As a young man Armstrong had relocated from Glasgow to London, graduating in composition in 1981. Back in his home town, he ventured into commercial music - “that’s where the first call came from’’, he would later tell The Herald’s music critic, Michael Tumelty. He earned a living as a pianist and improviser in association with such groups as Texas, Hipsway, and The Big Dish, and toured with Ultravox and Midge Ure.

In 1984, this self-confessed “gadget freak who thinks electronically'' was given an arts council grant to study sample synthesisers. This in turn prompted considerable interest from theatre and dance producers.

Over a decade or so he worked extensively with theatre companies including the Tron, the Traverse in Edinburgh, and the Royal Shakespeare Company, on projects ranging from Michael Boyd's adaptation at the Tron of Janice Galloway's novel, The Trick is to Keep Breathing, to Boyd’s RSC production of John Ford’s 1630 play The Broken Heart. One London critic praised the “melancholy, period-coloured music” which “sets the grievous tone with perfect tact”. Armstrong also provided theme music for programmes on BBC and Scottish Television.

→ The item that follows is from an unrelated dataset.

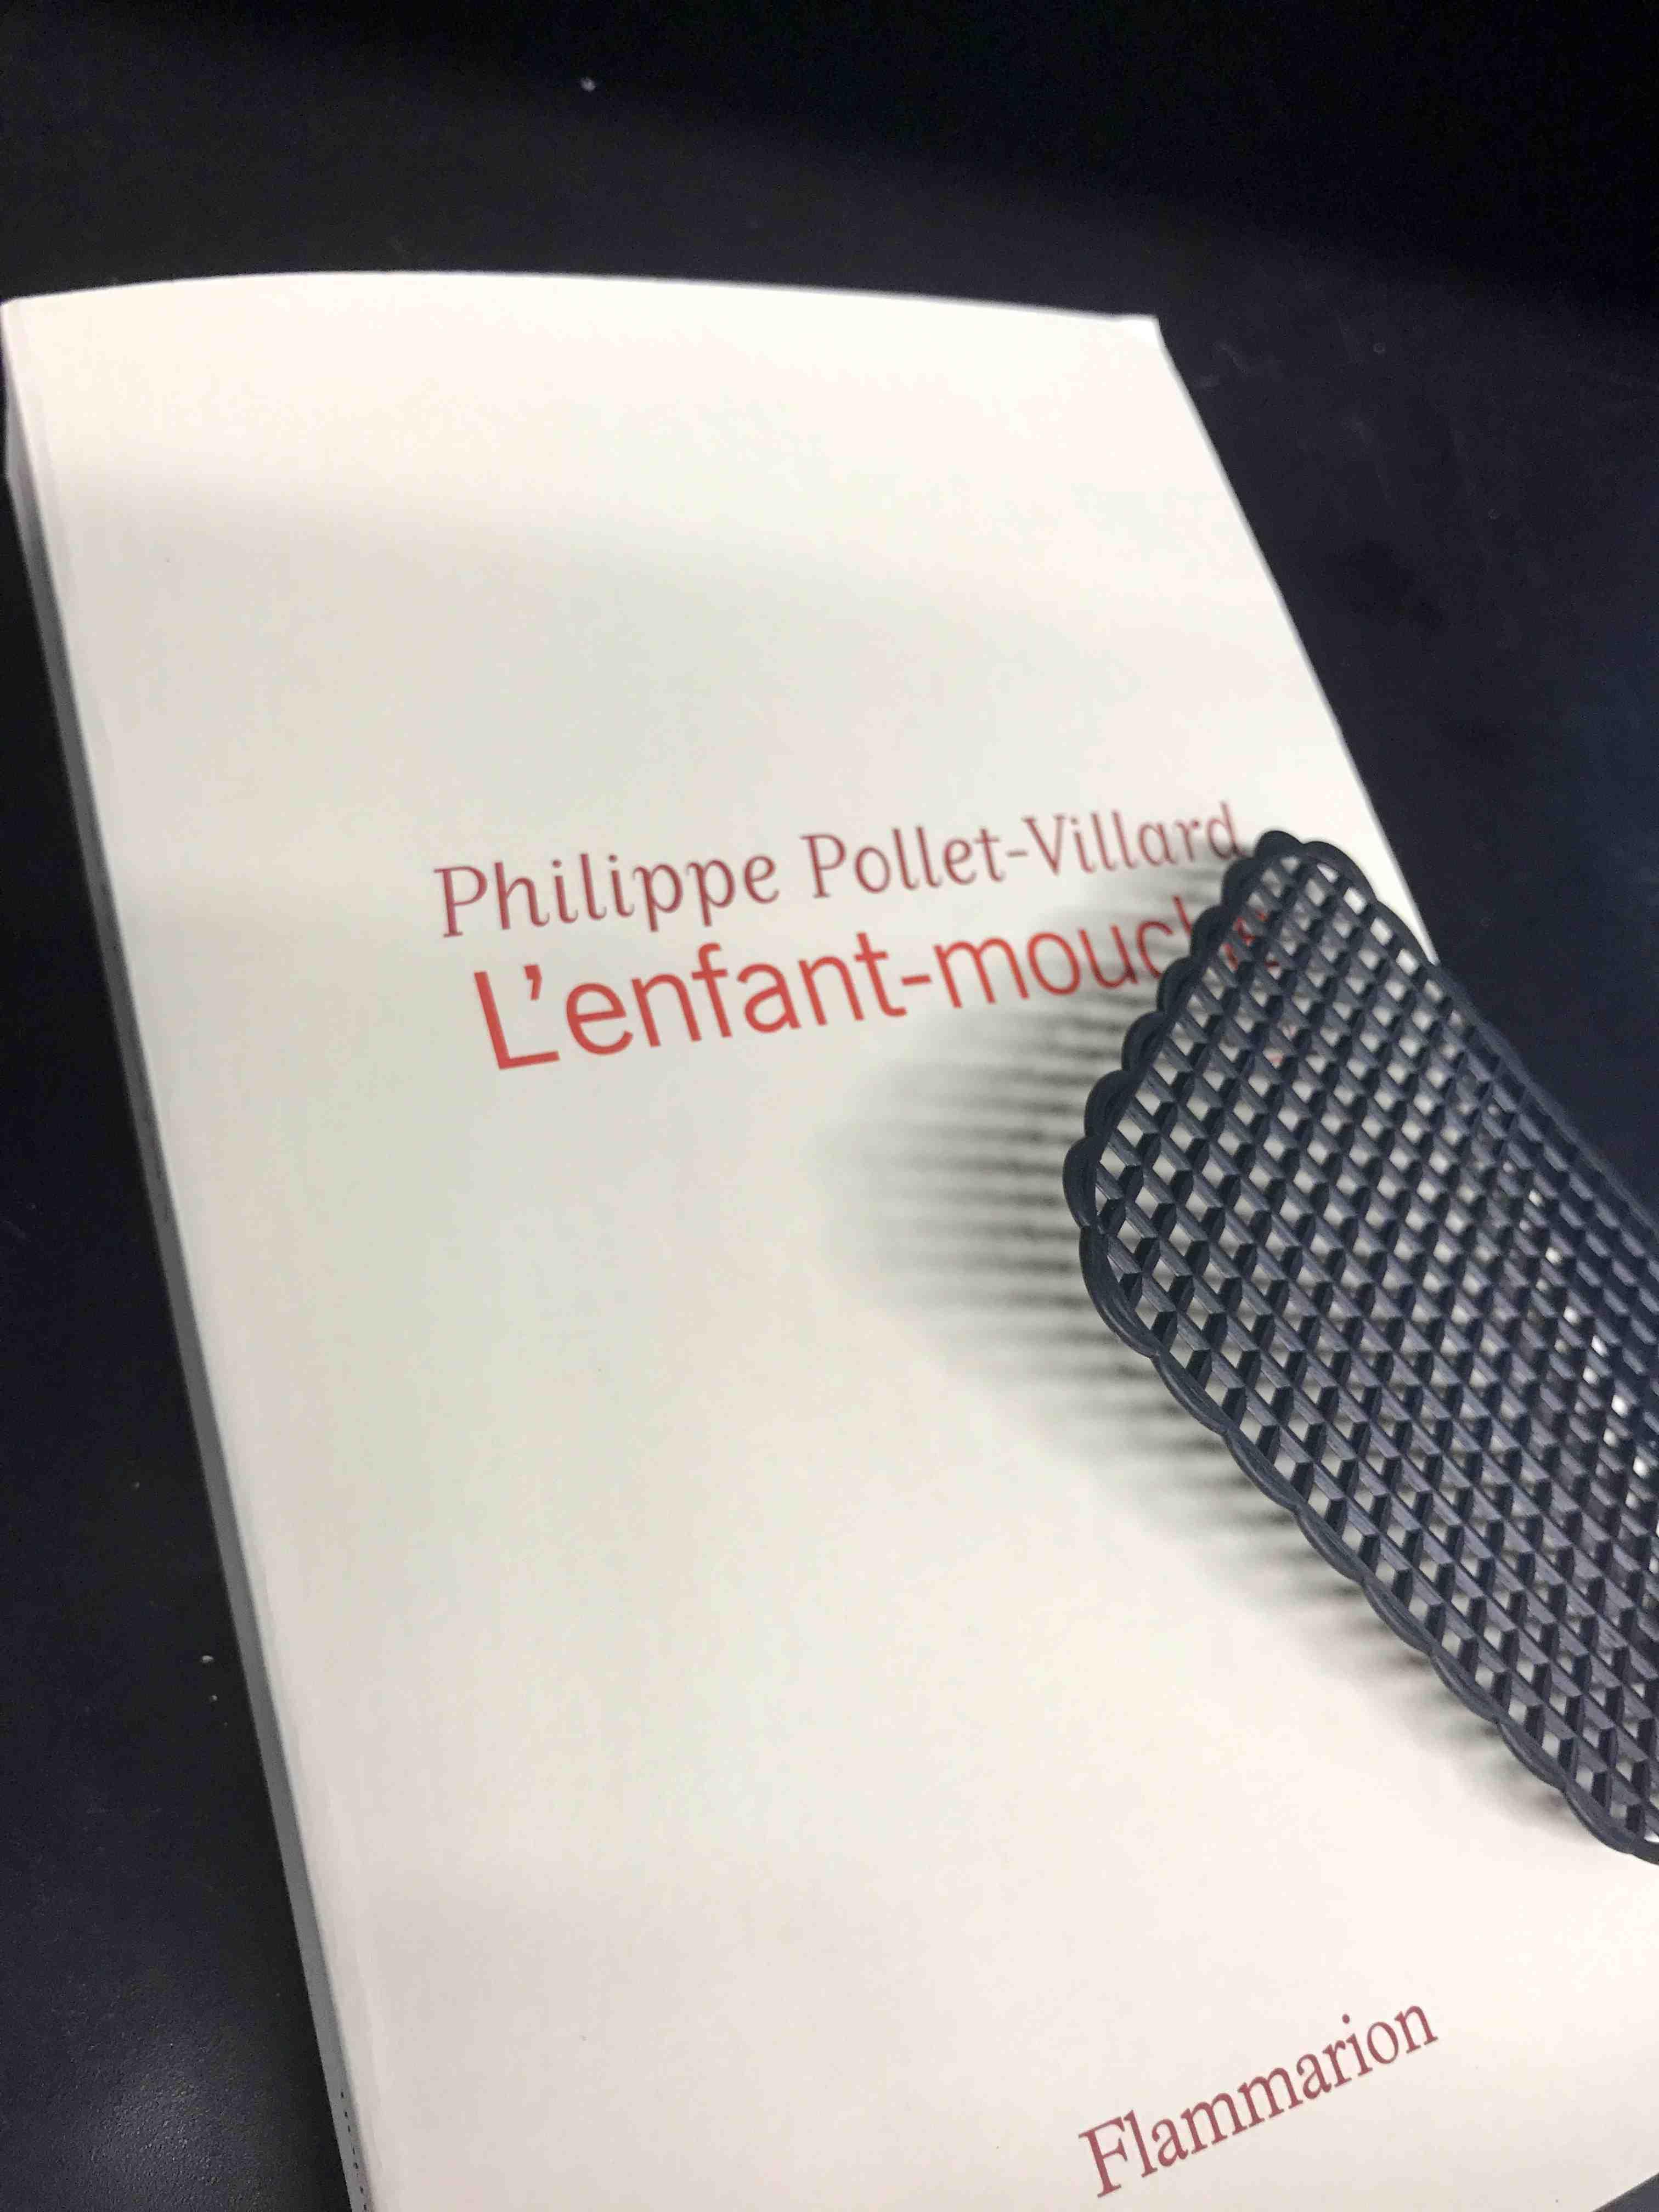 P. Pollet-Villard

Despite being a key part of pop music’s growing interest in orchestral arrangements, he was getting nowhere in the classical world, though.

“See, I don't see the difference in importance between Chic's Thinking Of You and Mahler's 5th symphony”, Armstrong told the Guardian’s Bob Flynn in 1998, “and I've suffered for it immensely in Britain. After I came out of the Royal Academy, I couldn't get anywhere in the classical field. It was the Americans that took me on. That's where I met Nellee Hooper, in a wee studio on Sunset Boulevard. We just hit it off".

Hooper was then poised to begin work with the trip-hop group, Massive Attack, on their groundbreaking 1994 album, Protection, and Armstrong offered to orchestrate. “The seminal fusing of mountainous trance beats and dub reggae with Armstrong's majestic orchestral melancholy was the chill-out odyssey for our time”, observed Flynn.

Suddenly, Armstrong's formidable talents as an orchestrator were in demand, leading to his working with such artists as Madonna, Janet Jackson, Brian Eno, Pavarotti and U2. He had also scored three short films directed by his friend, the actor Peter Mullan.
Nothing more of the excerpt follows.